Считаем долгом подчеркнуть, что мы предлагаем читателю пересказ – не перевод, не переложение, а именно пересказ великой поэмы. То есть как бы Данте рассказывал нам, а мы слушали, насколько могли, внимательно. Что-то, может быть, не расслышали. На чём-то отвлеклись. Что-то пропустили мимо ушей. Где-то не так поняли, а переспросить постеснялись. Ну и теперь пламенно желаем изложить в доступных нам формах то, что сами усвоили.

Кстати, по этой причине мы решили по возможности не использовать и даже не учитывать различные комментарии, толкования и исследования, которыми поэма Данте за семь столетий обросла гораздо гуще, чем днище корабля ракушками.
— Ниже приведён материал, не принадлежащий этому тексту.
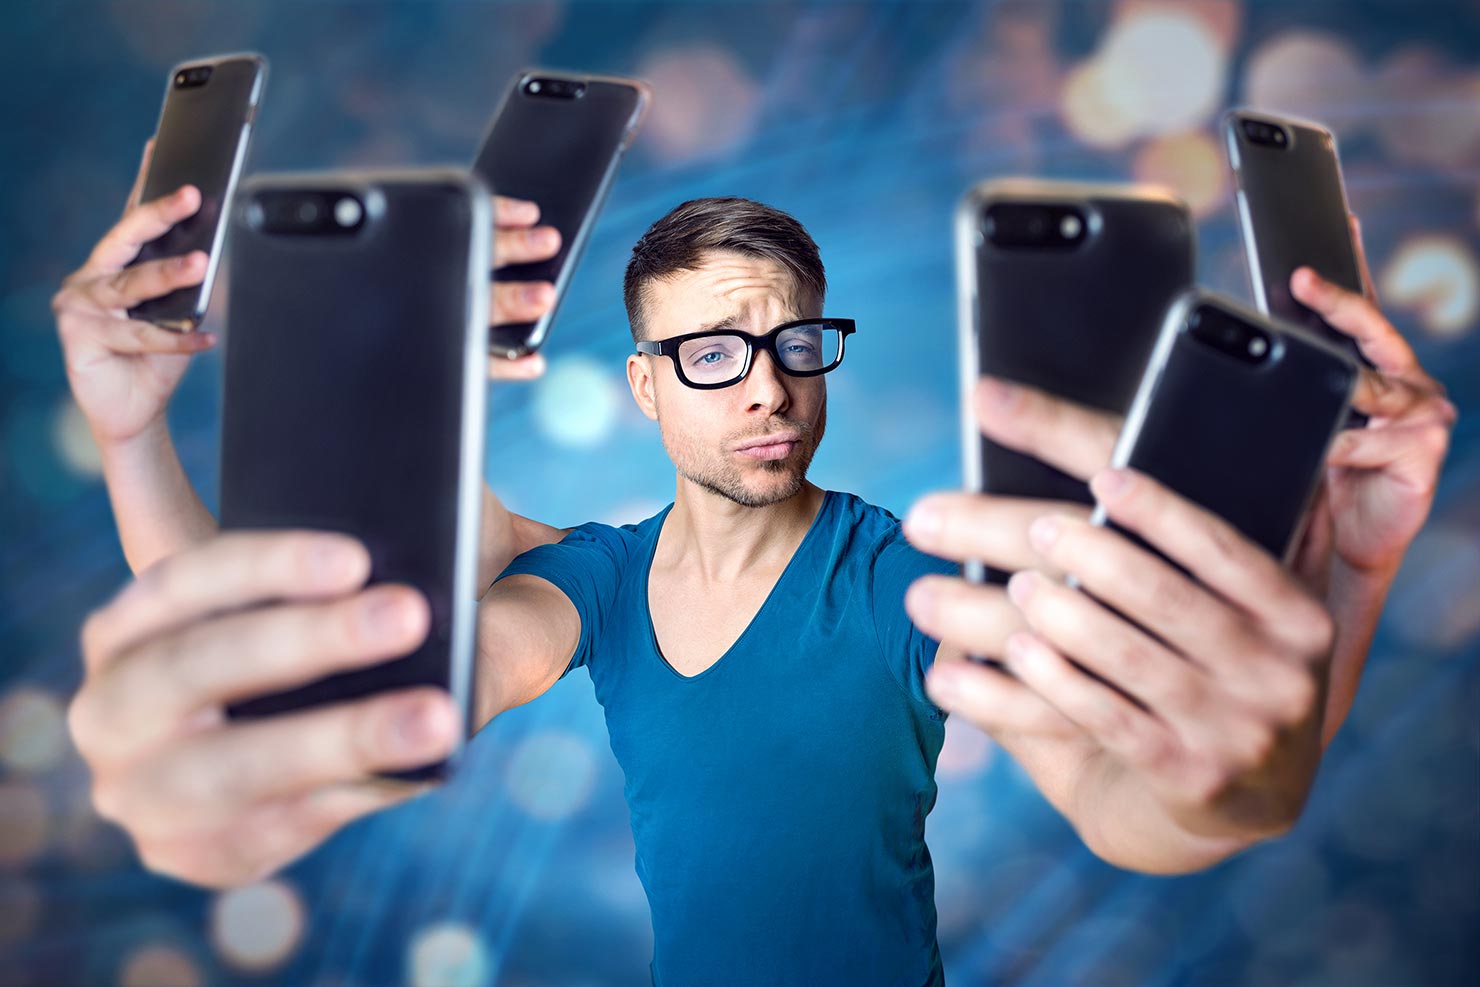 mobile phone camera influencer influwanker selfies selfie taking obsessed narcissism

Наша задача – услышать то, что сказал сам Флорентиец, а не то, что извлекли из его слов учёные интерпретаторы.

Хотим ещё добавить, что в поэме присутствует огромное количество имён и названий, понятных современникам Данте, но неведомых нынешнему читателю. Мы постарались собрать их в Словарь, помещённый в конце книги.


Ещё надобно пояснить следующее…


Но тут мы умолкаем.

Ибо происходит нечто странное.

Наполовину из лучезарного света, наполовину из тьмы небытия слепилась фигура: мужчина лет сорока, невысокий, жилистый; одет по старинной причудливой моде. Остро заточенное горбоносое лицо, грифельно очерченный рот, внимательный взгляд бархатистых глаз. Он выходит из ниоткуда; он что-то говорит нам, как будто продолжает давно начатый рассказ. Давайте подойдём поближе. Послушаем.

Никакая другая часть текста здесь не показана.